Das Vermittlungsmärchen

Vermittler vermitteln Wohnungen, Versicherungen, Partner. Aber niemals Wissen. So wenig wie Erfolg, oder Liebe, oder Sinn vermittelt werden können. Es gibt ein paar Phänomene auf diesem Planeten, die sind nicht vermittelbar. Ich kann Ihnen keinen Sinn vermitteln. Nur Sie können sich den Sinn für Ihr Leben selbst erarbeiten. Und der gilt dann auch nur für Sie. Und wenn sie das mit Ihrem Partner zusammen angehen, dann gilt dieser „Sinn ihrer Partnerschaft“ für Sie beide – für niemanden sonst. So ist das auch mit Phänomenen wie Erfolg, Glück, Liebe und Wissen. Wissen gehört in die Reihe jener Phänomene, die einerseits für unsere Orientierung, für unser Handeln und für unser Gestalten von Welt völlig unverzichtbar sind, die aber andererseits nicht vermittelbar sind. Wir müssen es „selber machen“. Und selbstverständlich gehören da auch eine Menge Informationen dazu, die wir uns von überall herholen – sowie auch die unschätzbar wertvolle Dimension der Erfahrung.
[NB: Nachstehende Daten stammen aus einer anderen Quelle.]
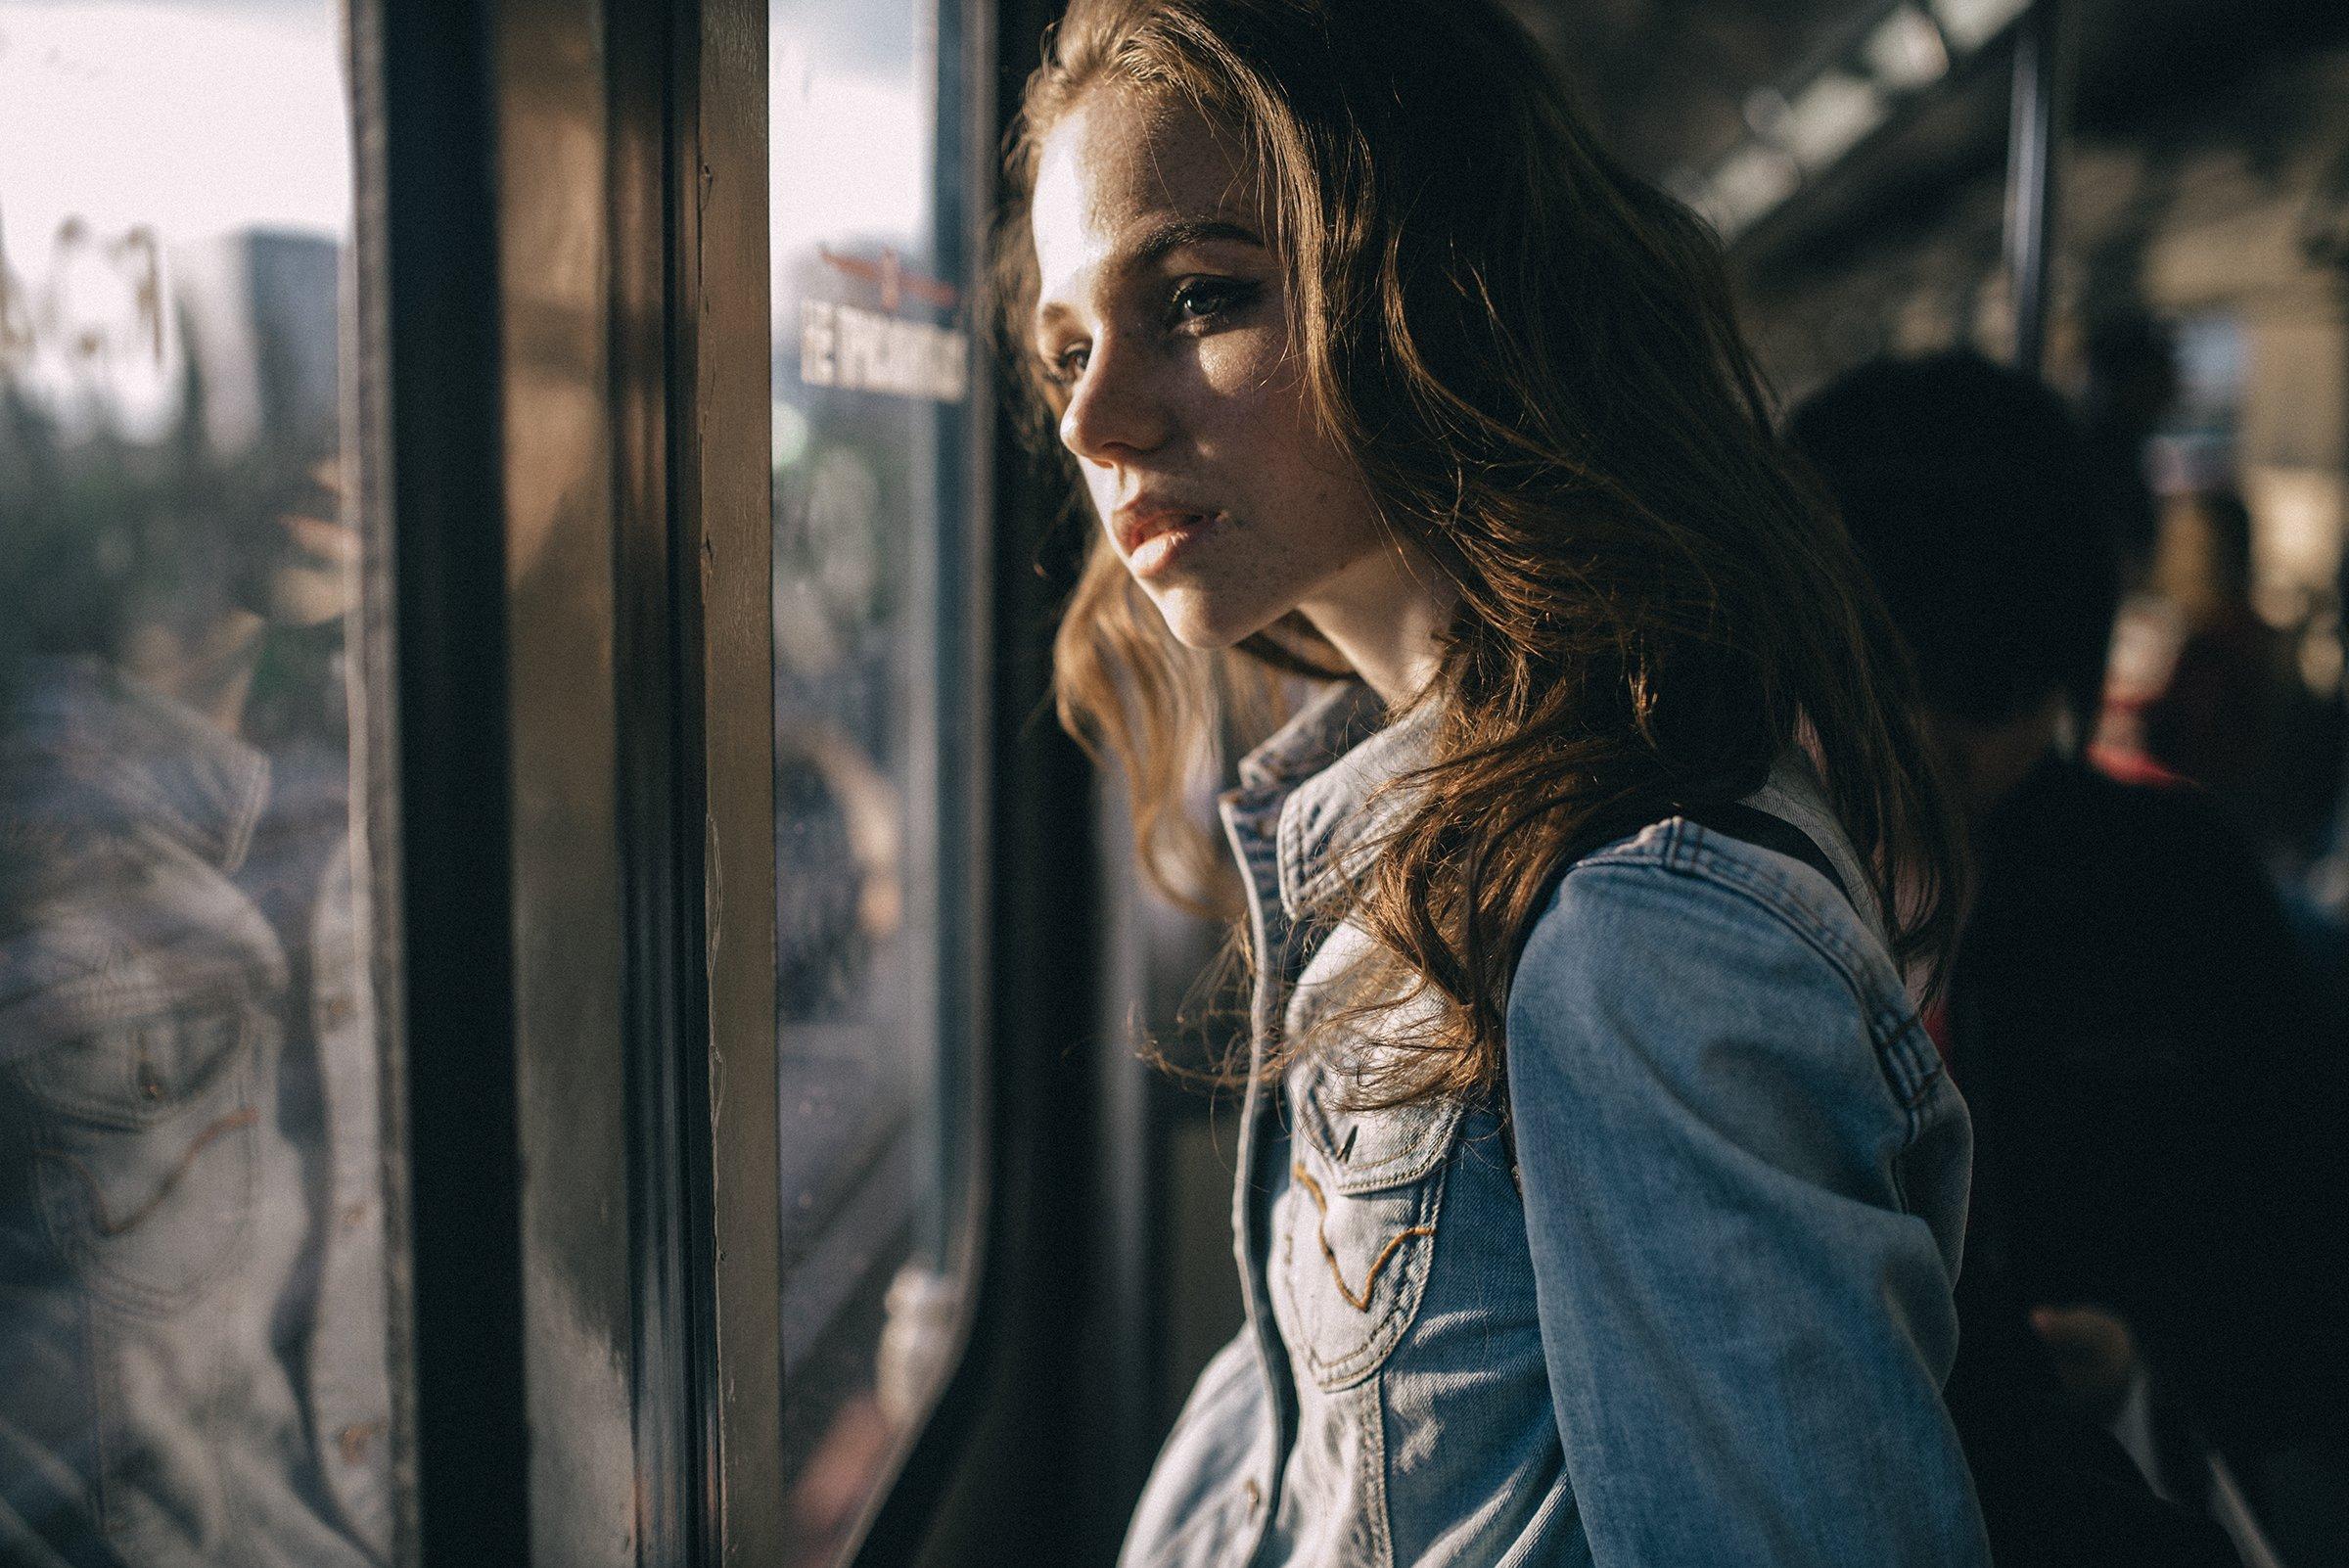 студент, студентка, поезд, вагон, метро, солнце, стекло, окно, девушка, женщина, рюкзак, Kirill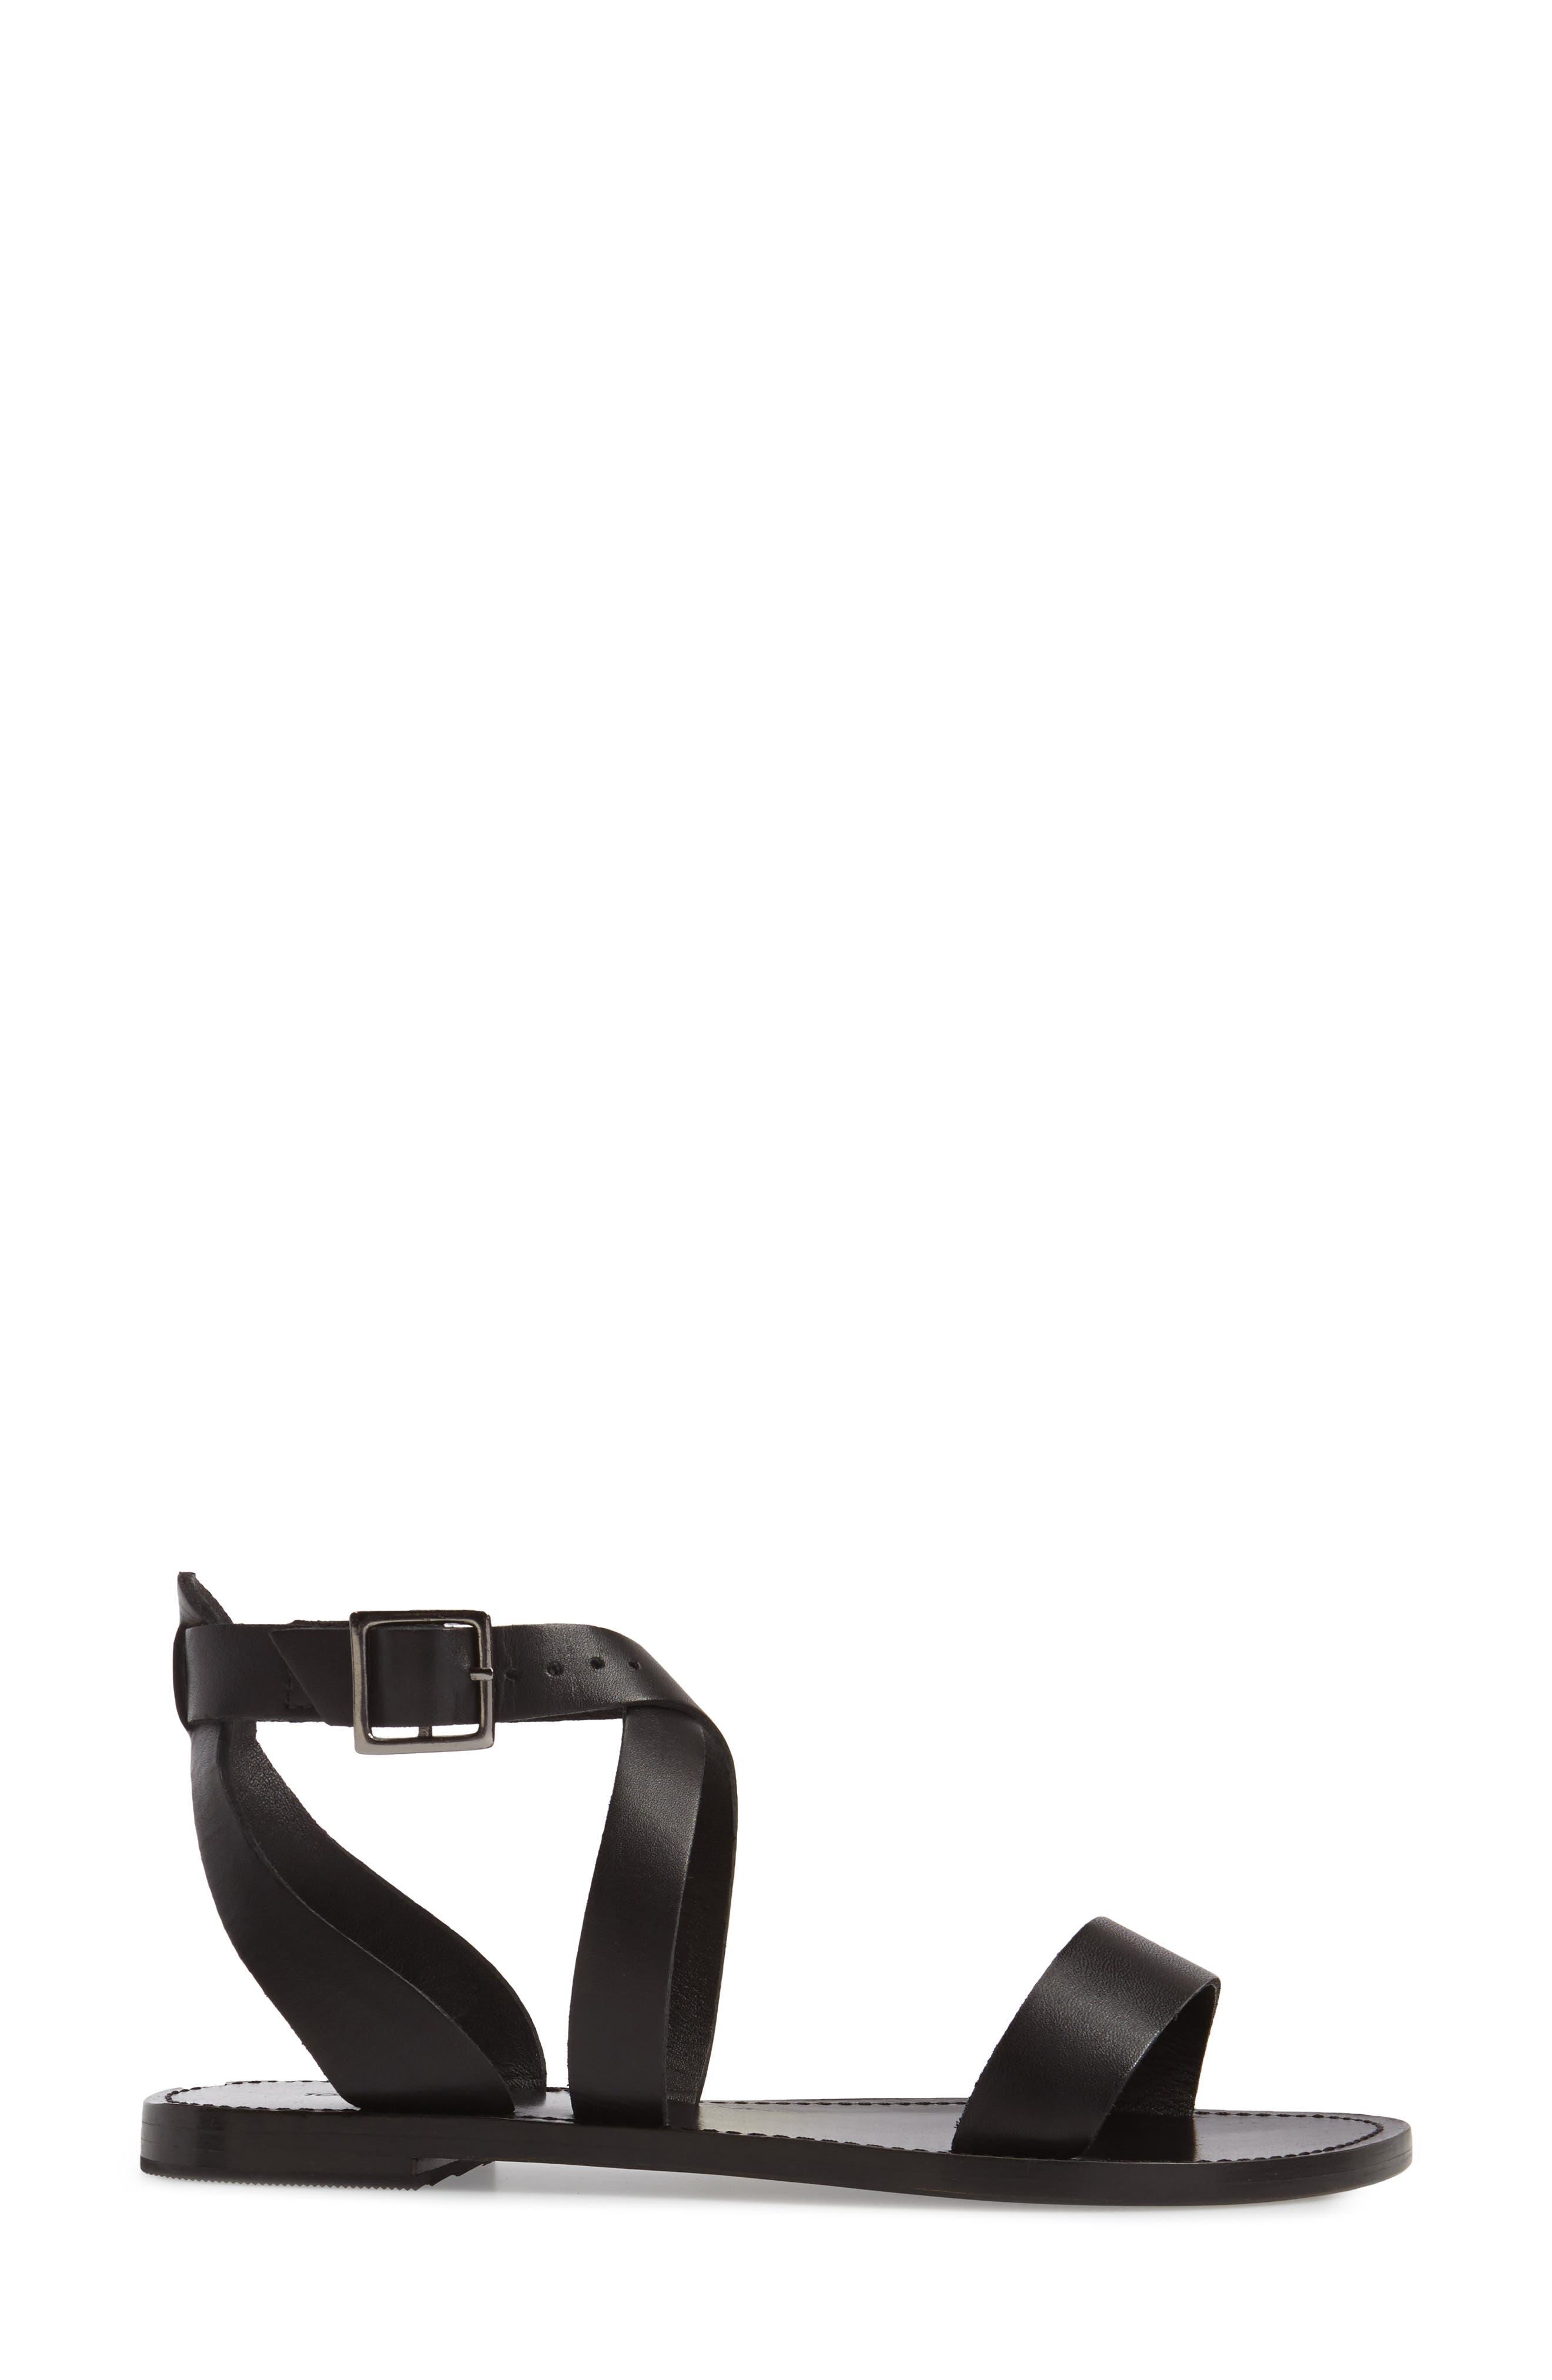 Alternate Image 3  - Tony Bianco Flo Ankle Strap Sandal (Women)

Vermittler stehen deshalb immer dazwischen. So auch wenn sie pädagogisch tätig sind, oder didaktisch und lehrend. Ihnen ist klar, dass sie weder Stoff noch Wissen vermitteln, ja nicht einmal Informationen. Sie vermitteln zwischen dem, was es alles zu sehen, zu entdecken, zu finden, zu prüfen und zu verknüpfen gibt und denen, die sich auf diesen Weg machen. Vermittler vermitteln nicht „etwas“ sondern „zwischen etwas und jemand“.

Sie sind Realitätenkellner, Ressourcenklempner, Coaches. Sie sind Neo-Generalisten, um mit Kenneth Mikkelsen zu sprechen. Das sind relativ neue und sehr interessante Jobs, die gerade erst im Entstehen sind, und die dummerweise weder gelehrt noch vermittelt werden können.